Parsing plain text with Logstash filter

The log file is one line of plain text. There is part of text like this:

...there is some text here, Results: 0, Errors: 0, there is some text here...

The goal is to create new fields results and errors and assign proper values to them.

I think it can be achieved by doing something like this in Logstash filter section:

filter {
  grok {
    match => {"message" => "(?<results>Results:) (?<errors>Errors:)"}
  }
  mutate {
    add_field => { "results" => "%{results}" }
  }
  mutate {
    add_field => { "errors" => "%{Errors}" }
  }
}

Could anybody suggest the right way to solve that problem?

Hi

You could try:

filter {
    if [message] =~ /.*Results.*Errors.*/ {
        grok {
            match => { "message" => ".*Results\:\s(?<results>\d*).*Errors\:\s(?<Errors>\d*)"
         }
    }
}

That should get you fields and values for results and errors as strings. If you need those values as numbers just use Mutate's convert function.

@Kryten That didn't work.

The part of the message is:

...:, , Tests run: 1, Failures: 0, Errors: 0, Skipped: 0, , [INFO]...

This is config:

filter {
  if [message] =~ /.*Failures.*Errors.*Skipped.*/ {
    grok {
      match => {"message" => ".*Failures\:\s(?<failures>\d*).*Errors\:\s(?<errors>\d*).*Skipped\:\s(?<skipped>\d*)"}
    }
  }
}

No new fields have been created.

@John_06

If you take the string you supplied as sample to begin with:

...there is some text here, Results: 0, Errors: 0, there is some text here...

and put it into the grok debugger here:-
https://grokdebug.herokuapp.com/

Then paste in the pattern I supplied:
.*Results\:\s(?<results>\d*).*Errors\:\s(?<Errors>\d*)

You get fields. LS would do the same.

If you then remove the event string from your first post and replace it with the event string from your last, it breaks. Naturally.

To parse the latest event string you provided:-
...:, , Tests run: 1, Failures: 0, Errors: 0, Skipped: 0, , [INFO]...

You could use:
.*run\:\s(?<run>\d*).*Failures\:\s(?<failures>\d*).*Errors\:\s(?<errors>\d*).*Skipped\:\s(?<skipped>\d*).*\[(?<severity>\w*)

and that should yield:
{
"run": [
[
"1"
]
],
"failures": [
[
"0"
]
],
"errors": [
[
"0"
]
],
"skipped": [
[
"0"
]
],
"severity": [
[
"INFO"
]
]
}

Thanks. A little unclear how to handle the case when those variables are repeatable in log message.

E.g.:

...created, Tests run: 1, Failures: 0, Errors: 0, Skipped: 0, there is some text here Results:, , Tests run: 1, Failures: 0, Errors: 0, Skipped: 0, , [INFO]...
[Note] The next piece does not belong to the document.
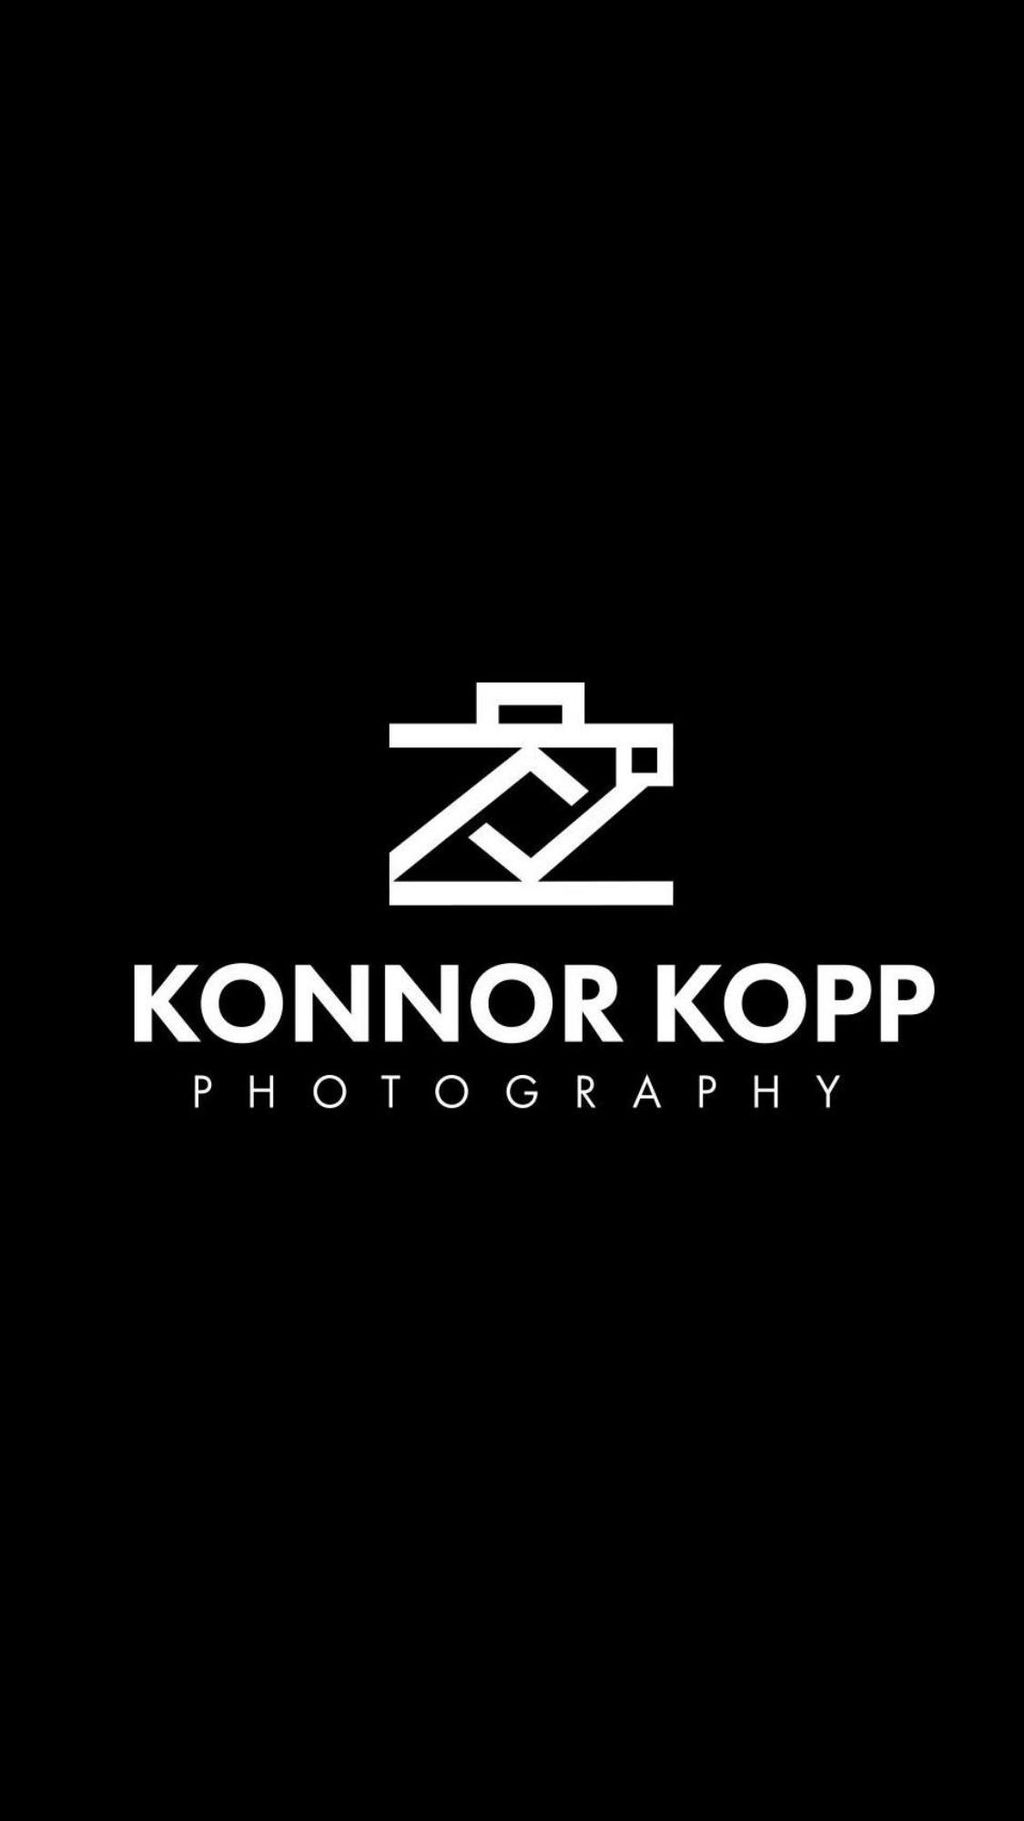 Konnor Kopp Photography

The grok filter expression:

.*run\:\s(?<run>\d*).*Failures\:\s(?<failures>\d*).*Errors\:\s(?<errors>\d*).*Skipped\:\s(?<skipped>\d*)

will create fields with two values: run 1, 1; failures 0, 0; errors 0, 0; skipped 0, 0.
Is it possible to get only only value for every field?

@magnusbaeck
Hi Magnus, do you have any thoughts why grok filter assigns to values to the same field?
Though everything works good in Grok debugger - it shows only one value for every field.

This topic was automatically closed 28 days after the last reply. New replies are no longer allowed.